Information supplied
——

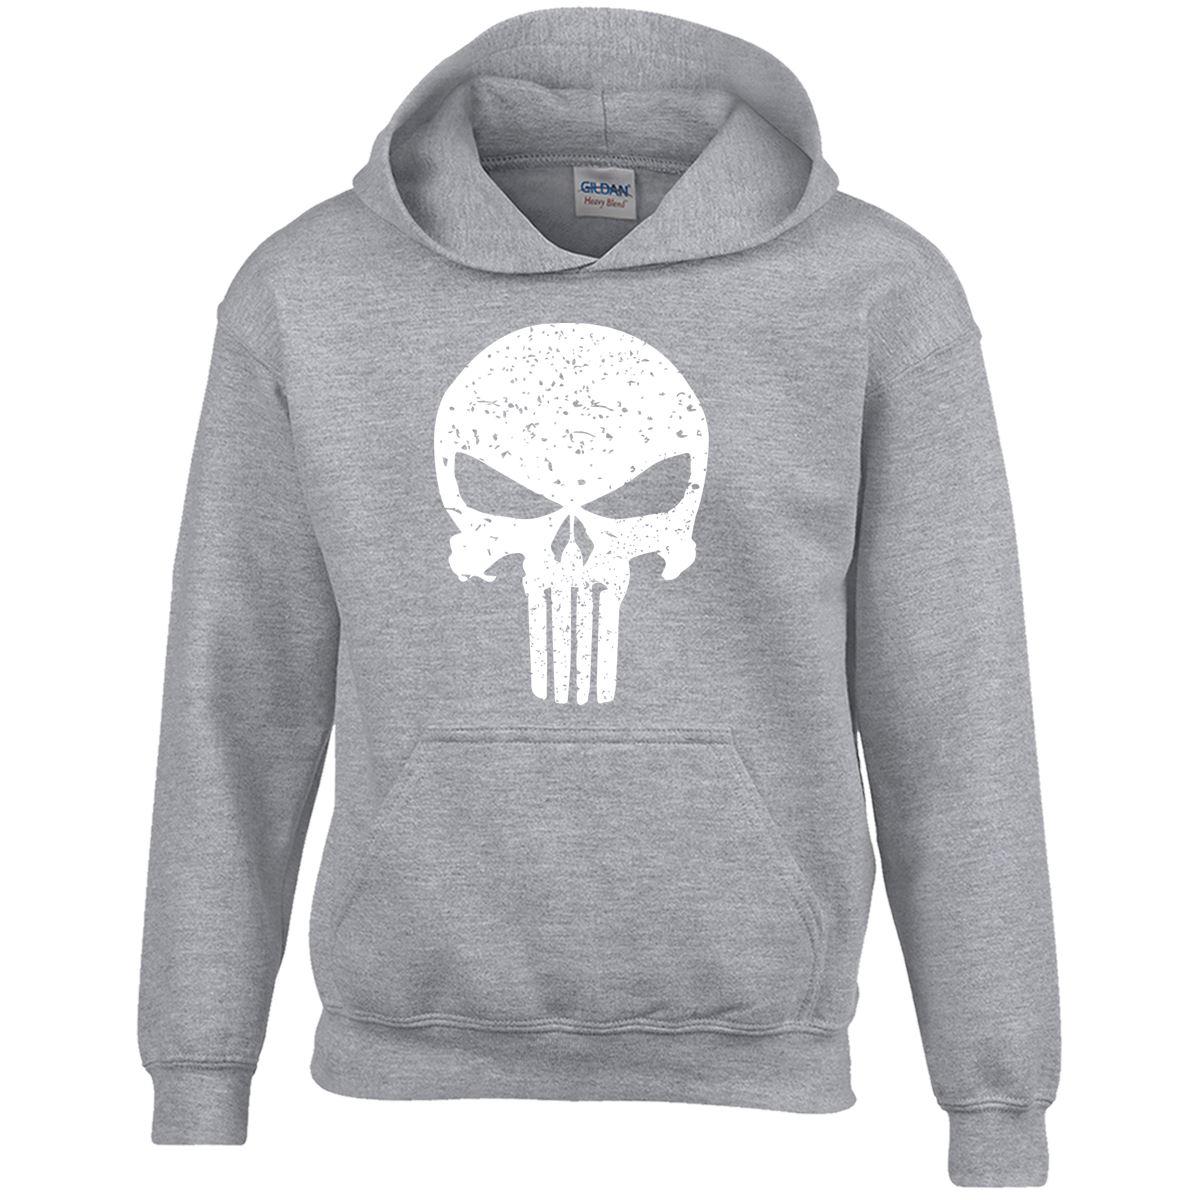 Punshier Punisher Youth Mens Top GIFT Hooded Dress Marvel Comics Bodybuilding
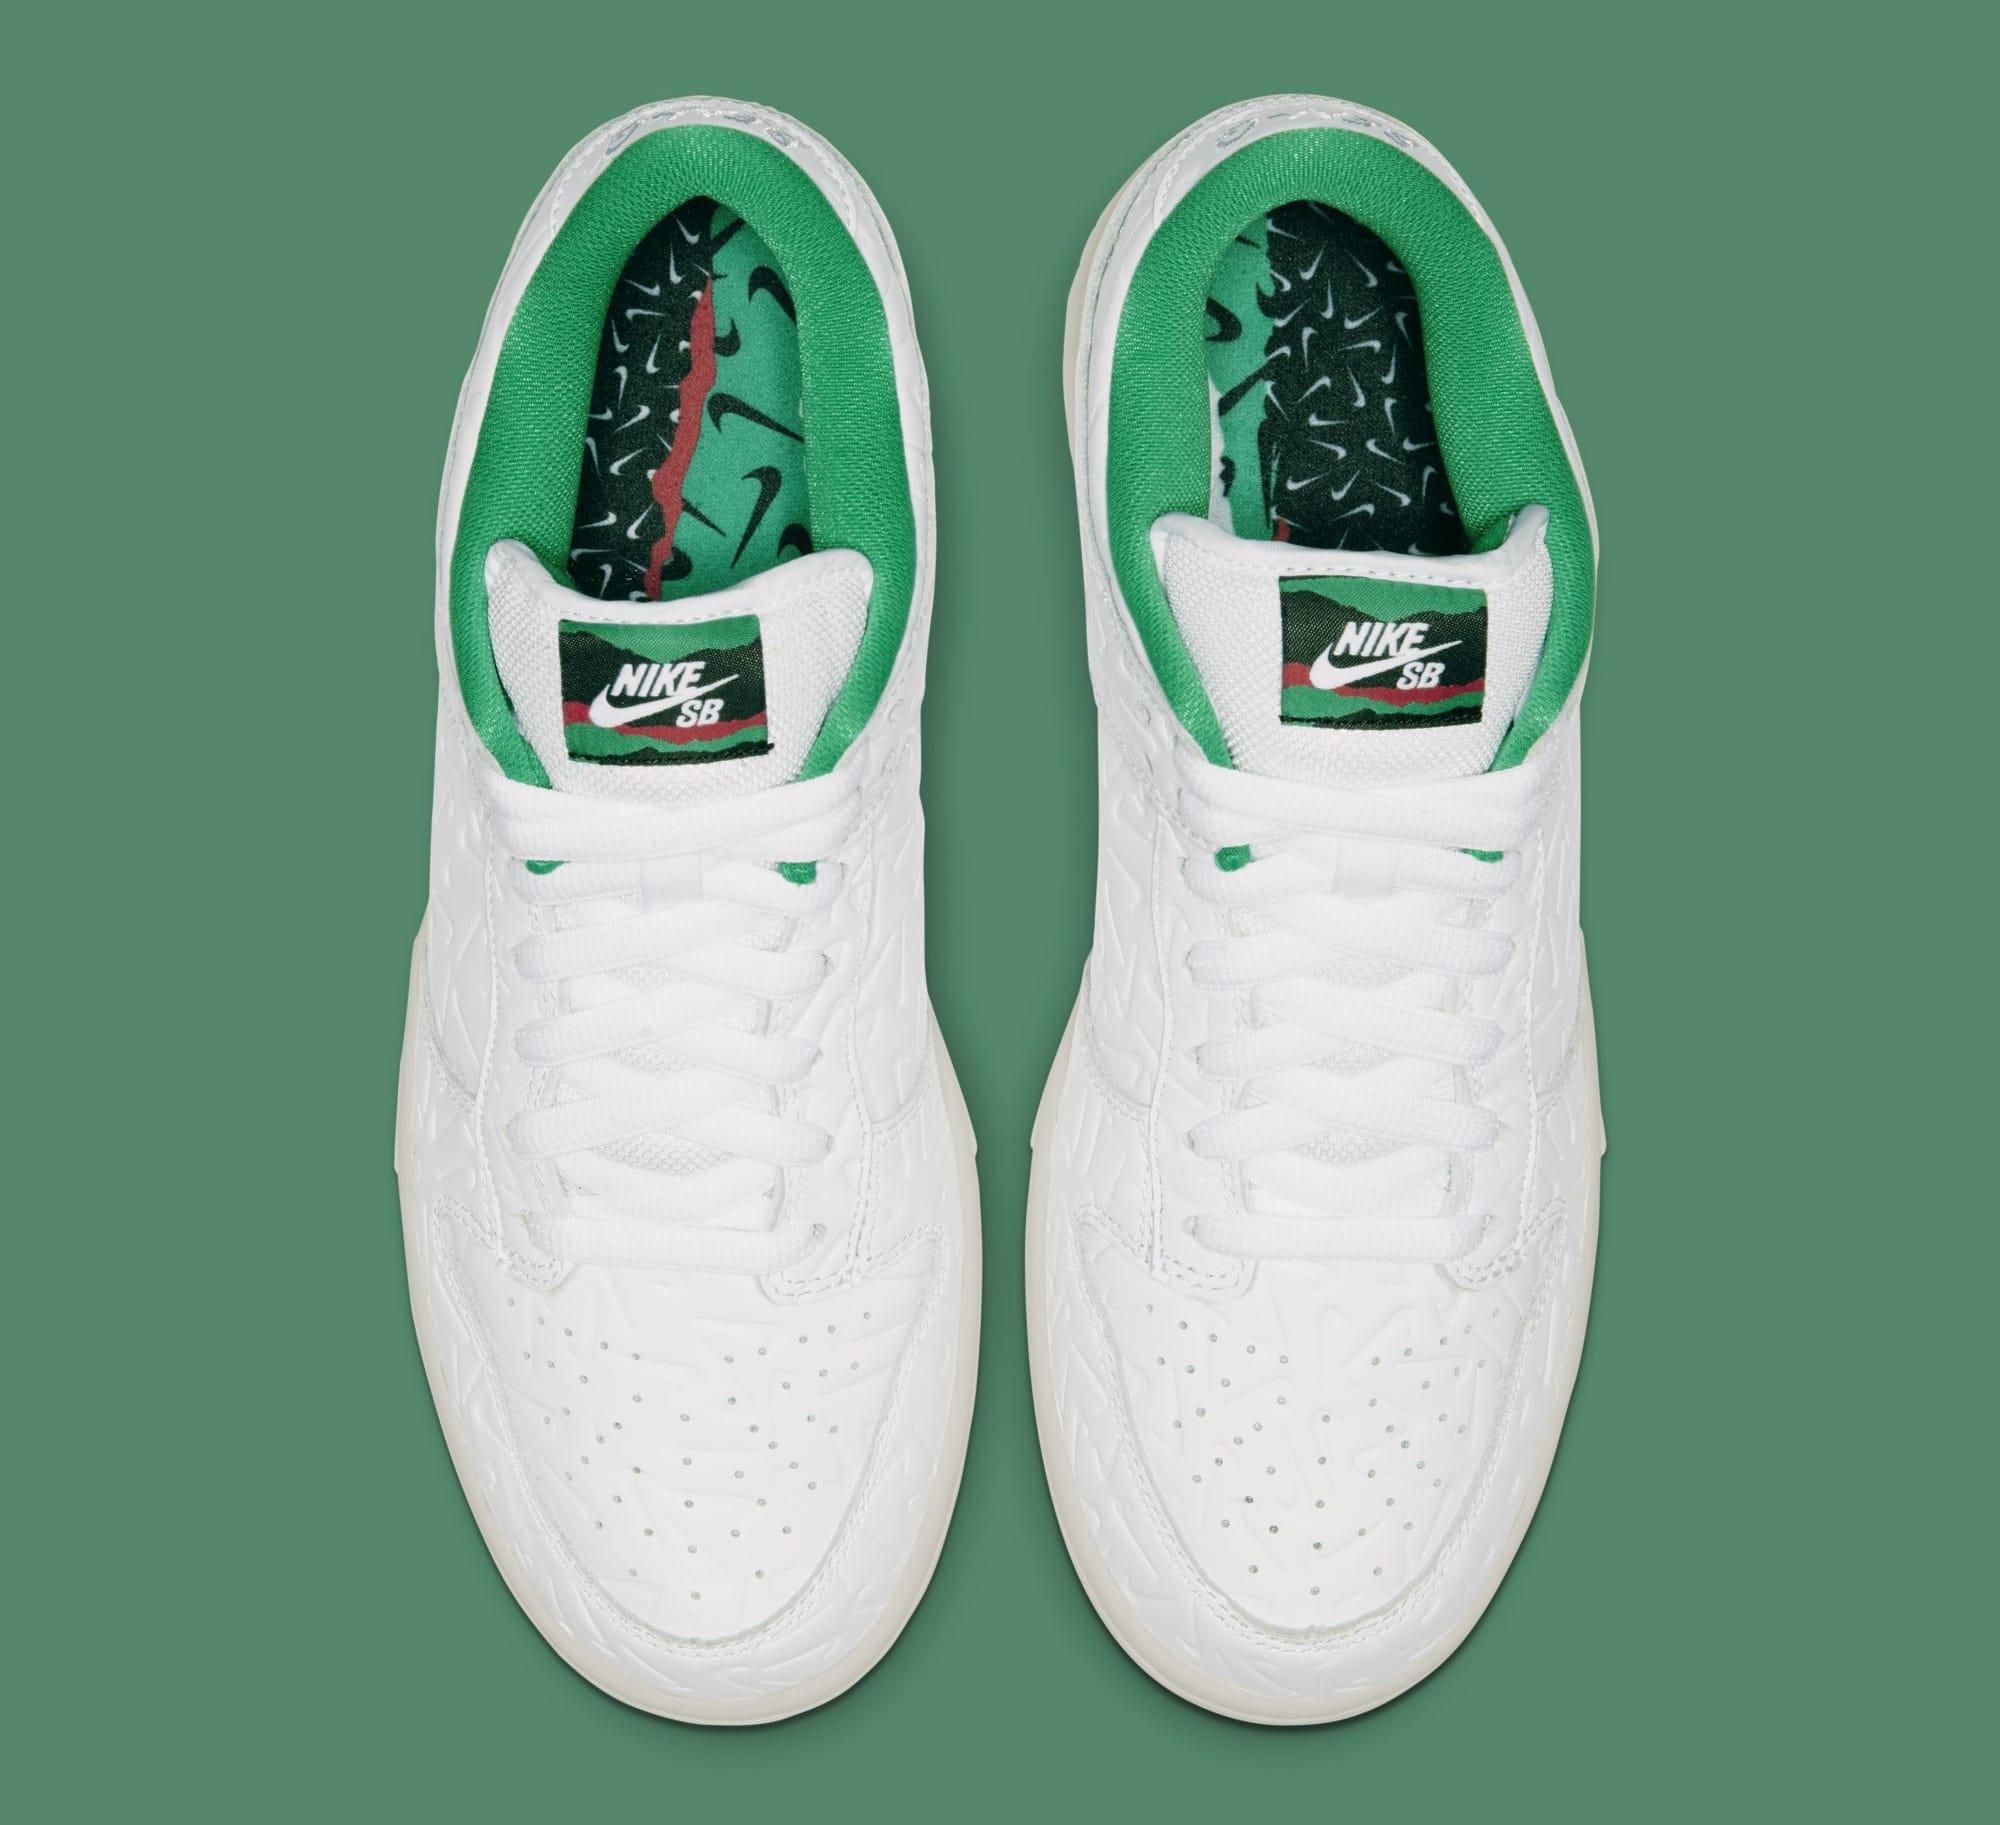 Ben-G x Nike SB Dunk Low CU3846-100 (Top)
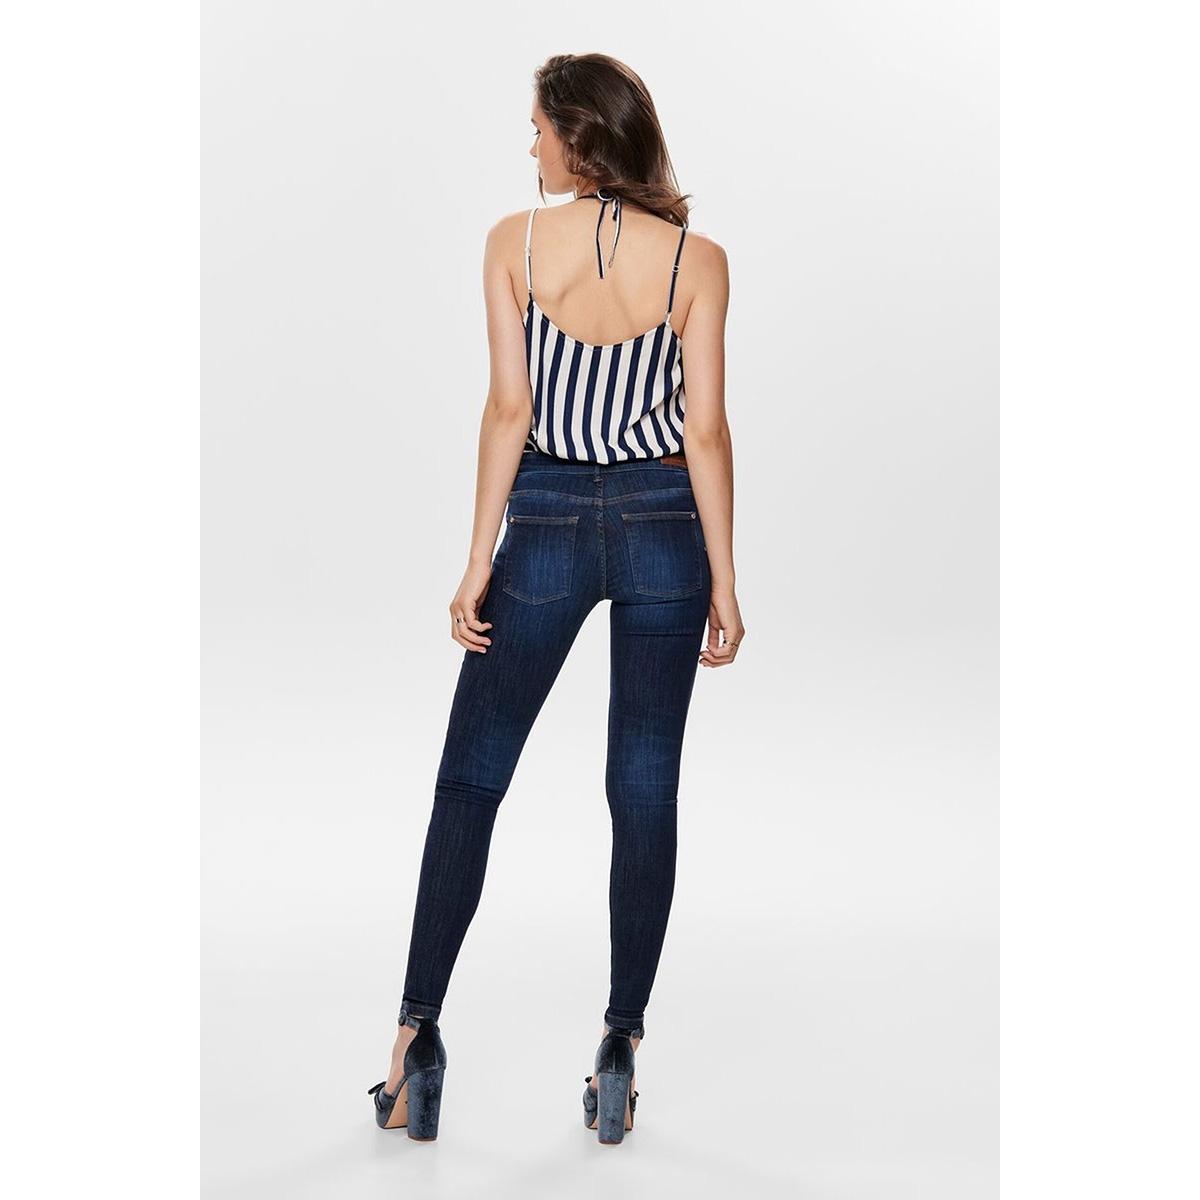 jdyknight skinny reg dark blue dnm 15182662 jacqueline de yong jeans dark blue denim
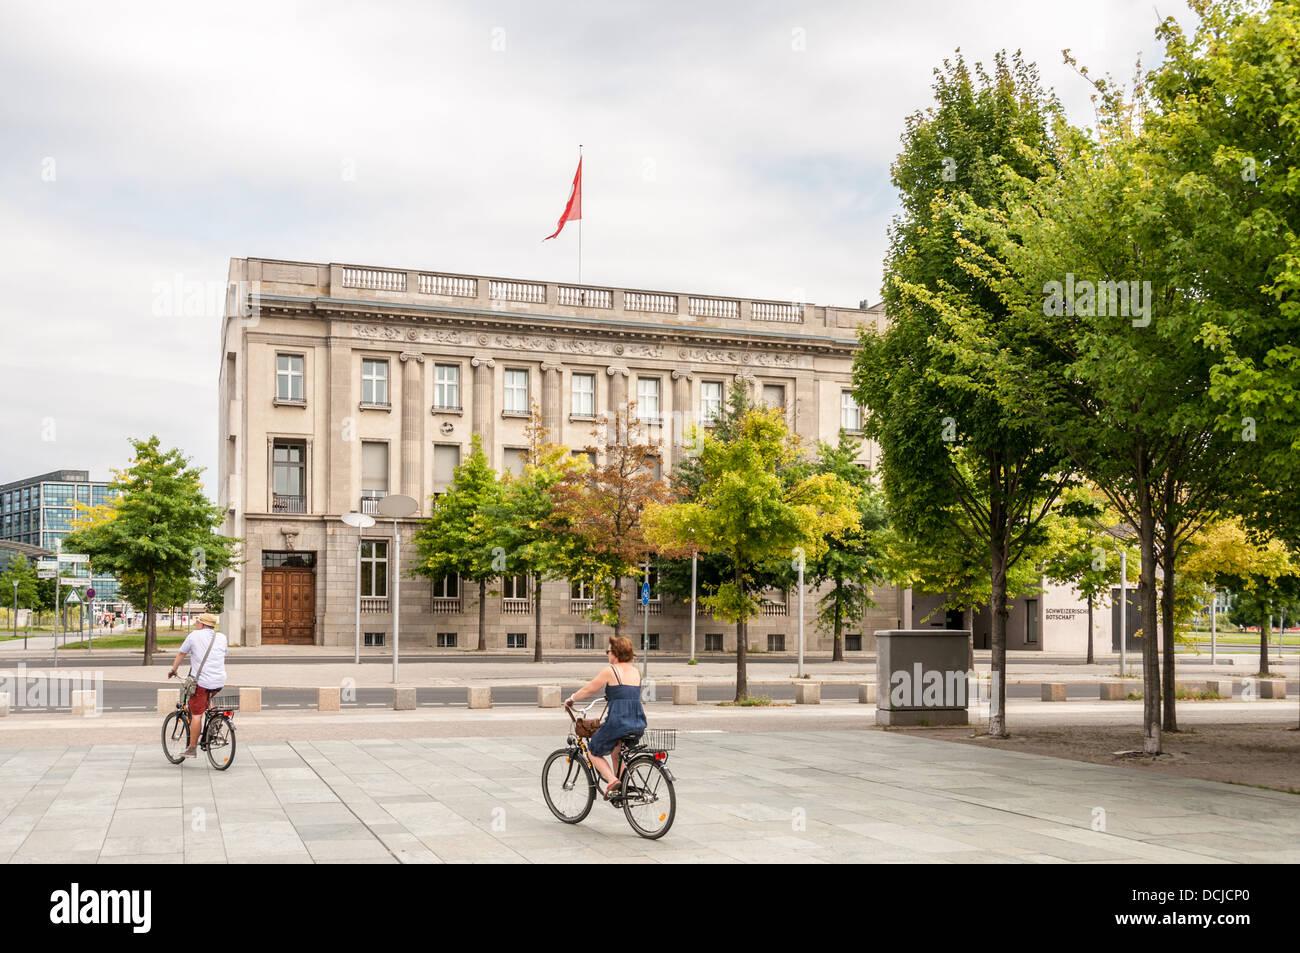 Swiss Embassy - Scweizerische Botschaft - Berlin Germany Stock Photo

——

About this task
Each line from the one that contains "Ben-G x Nike SB Dunk Low CU3846-100 (Top)" to the end of the listing must be quoted exactly; no other line and no picture belongs in the copy.

Exercise output
 Ben-G x Nike SB Dunk Low CU3846-100 (Top)
 jdyknight skinny reg dark blue dnm 15182662 jacqueline de yong jeans dark blue denim
 Swiss Embassy - Scweizerische Botschaft - Berlin Germany Stock Photo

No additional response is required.